Every matrix can be decomposed into a symmetric and antisymmetric part:

$$T=S+A$$ where $S=\frac12(T+T^T)$ and $A=\frac12(T-T^T)$. Evaluate:

$$T_1T_2-T_2T_1=(S_1 S_2-S_2S_1)+(S_1 A_2-A_2S_1)+(A_1 S_2-A_2S_1)+(A_1 A_2-A_2A_1)$$ Now, the first and last terms give the trace identically zero, because $A_1A_2=(-A_1^T)(-A_2^T)=(A_2A_1)^T$ and the trace is independent of transposition (the same is true for $Tr(S_1S_2)$). The middle two terms consist of products of symmetric and antisymmetric matrices. To prove that $Tr(SA)$ (a product of a symmetric and antisymmetric matrix) is zero, you have to employ further properties of the trace. But that can be shown through diagonalization (which preserves trace). In the basis system of the matrix $S$, we have a product of a diagonal and antisymmetric matrix, which very obviously has nothing on the diagonal at all.

So, we proved $Tr(T_1 T_2)-Tr(T_2T_1)=0$.


Maybe a deeper meaning can be handwaved this way: frequently, a matrix represents a tensor (in physics), and it's useful to see tensors as directionally dependent generalizations of scalars.

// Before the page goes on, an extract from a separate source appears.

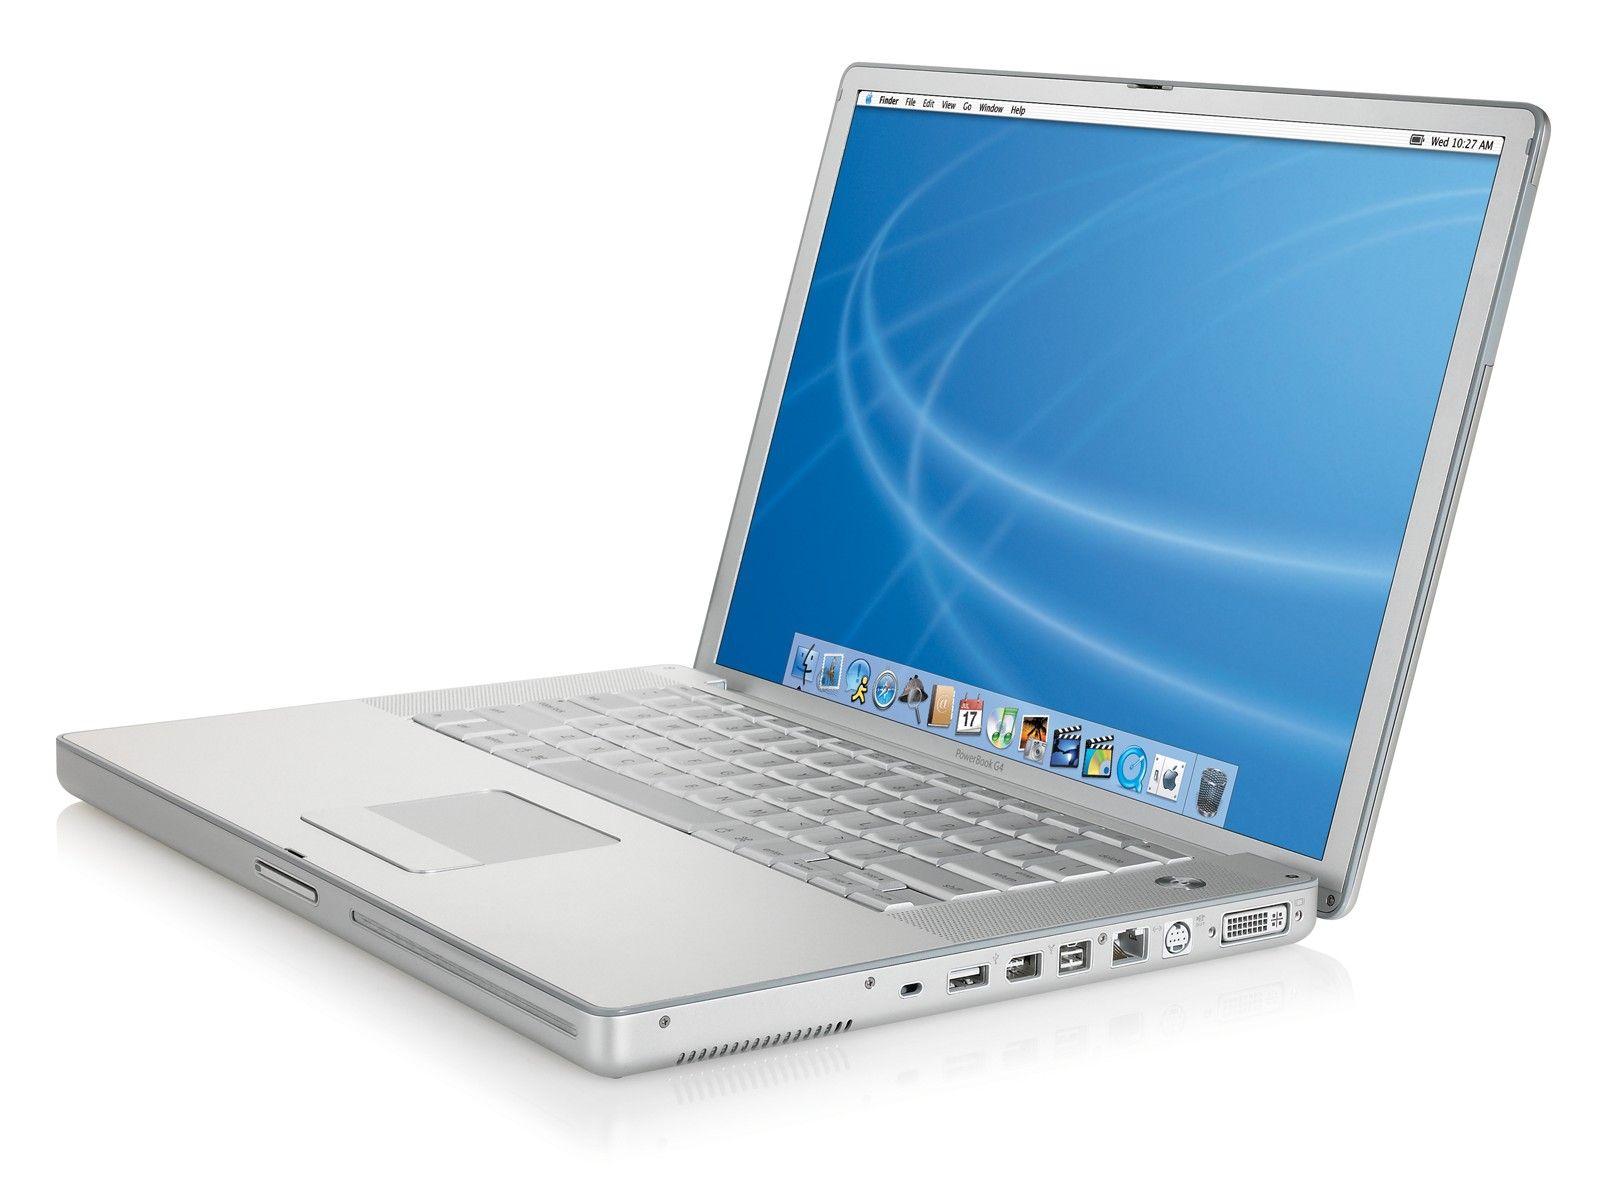 powerbook g4 - Google Search | Apple PowerBook | Pinterest ...

In that case, the trace picks out the isotropic (scalar) part of the quantity. It's very common to decompose a matrix into an isotropic part, traceless symmetric, and antisymmetric parts (the last one is also traceless by definition, but it makes sense to write it separately). But scalars commute. So the trace, which talks about the scalar part of the matrix, should be independent on the order of multiplication, just like scalars are.